→ Problem: Take the data below and repeat it exactly.
Records for this exercise Start Marker
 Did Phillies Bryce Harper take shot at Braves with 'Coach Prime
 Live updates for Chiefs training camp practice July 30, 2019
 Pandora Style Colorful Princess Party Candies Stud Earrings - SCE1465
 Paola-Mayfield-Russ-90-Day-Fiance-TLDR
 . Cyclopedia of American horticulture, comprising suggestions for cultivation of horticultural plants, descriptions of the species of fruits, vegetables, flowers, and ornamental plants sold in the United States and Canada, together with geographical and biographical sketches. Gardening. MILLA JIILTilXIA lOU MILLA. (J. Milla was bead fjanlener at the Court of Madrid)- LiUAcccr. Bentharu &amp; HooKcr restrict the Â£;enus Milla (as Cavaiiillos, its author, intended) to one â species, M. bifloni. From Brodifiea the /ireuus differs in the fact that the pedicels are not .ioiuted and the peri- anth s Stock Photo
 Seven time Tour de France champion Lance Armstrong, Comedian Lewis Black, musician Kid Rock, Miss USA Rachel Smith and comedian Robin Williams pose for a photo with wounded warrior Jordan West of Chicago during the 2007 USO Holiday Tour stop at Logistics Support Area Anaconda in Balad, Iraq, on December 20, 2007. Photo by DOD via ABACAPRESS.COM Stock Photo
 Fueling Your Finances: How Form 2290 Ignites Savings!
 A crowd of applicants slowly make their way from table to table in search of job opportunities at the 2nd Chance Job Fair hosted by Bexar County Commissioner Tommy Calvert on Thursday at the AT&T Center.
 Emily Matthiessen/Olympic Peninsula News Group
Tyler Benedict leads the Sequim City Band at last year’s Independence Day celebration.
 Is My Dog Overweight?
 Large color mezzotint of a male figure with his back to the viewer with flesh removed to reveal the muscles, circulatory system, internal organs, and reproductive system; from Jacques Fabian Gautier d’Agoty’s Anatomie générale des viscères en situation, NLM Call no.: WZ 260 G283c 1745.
Records for this exercise End Marker
→ Answer:
 Did Phillies Bryce Harper take shot at Braves with 'Coach Prime
 Live updates for Chiefs training camp practice July 30, 2019
 Pandora Style Colorful Princess Party Candies Stud Earrings - SCE1465
 Paola-Mayfield-Russ-90-Day-Fiance-TLDR
 . Cyclopedia of American horticulture, comprising suggestions for cultivation of horticultural plants, descriptions of the species of fruits, vegetables, flowers, and ornamental plants sold in the United States and Canada, together with geographical and biographical sketches. Gardening. MILLA JIILTilXIA lOU MILLA. (J. Milla was bead fjanlener at the Court of Madrid)- LiUAcccr. Bentharu &amp; HooKcr restrict the Â£;enus Milla (as Cavaiiillos, its author, intended) to one â species, M. bifloni. From Brodifiea the /ireuus differs in the fact that the pedicels are not .ioiuted and the peri- anth s Stock Photo
 Seven time Tour de France champion Lance Armstrong, Comedian Lewis Black, musician Kid Rock, Miss USA Rachel Smith and comedian Robin Williams pose for a photo with wounded warrior Jordan West of Chicago during the 2007 USO Holiday Tour stop at Logistics Support Area Anaconda in Balad, Iraq, on December 20, 2007. Photo by DOD via ABACAPRESS.COM Stock Photo
 Fueling Your Finances: How Form 2290 Ignites Savings!
 A crowd of applicants slowly make their way from table to table in search of job opportunities at the 2nd Chance Job Fair hosted by Bexar County Commissioner Tommy Calvert on Thursday at the AT&T Center.
 Emily Matthiessen/Olympic Peninsula News Group
Tyler Benedict leads the Sequim City Band at last year’s Independence Day celebration.
 Is My Dog Overweight?
 Large color mezzotint of a male figure with his back to the viewer with flesh removed to reveal the muscles, circulatory system, internal organs, and reproductive system; from Jacques Fabian Gautier d’Agoty’s Anatomie générale des viscères en situation, NLM Call no.: WZ 260 G283c 1745.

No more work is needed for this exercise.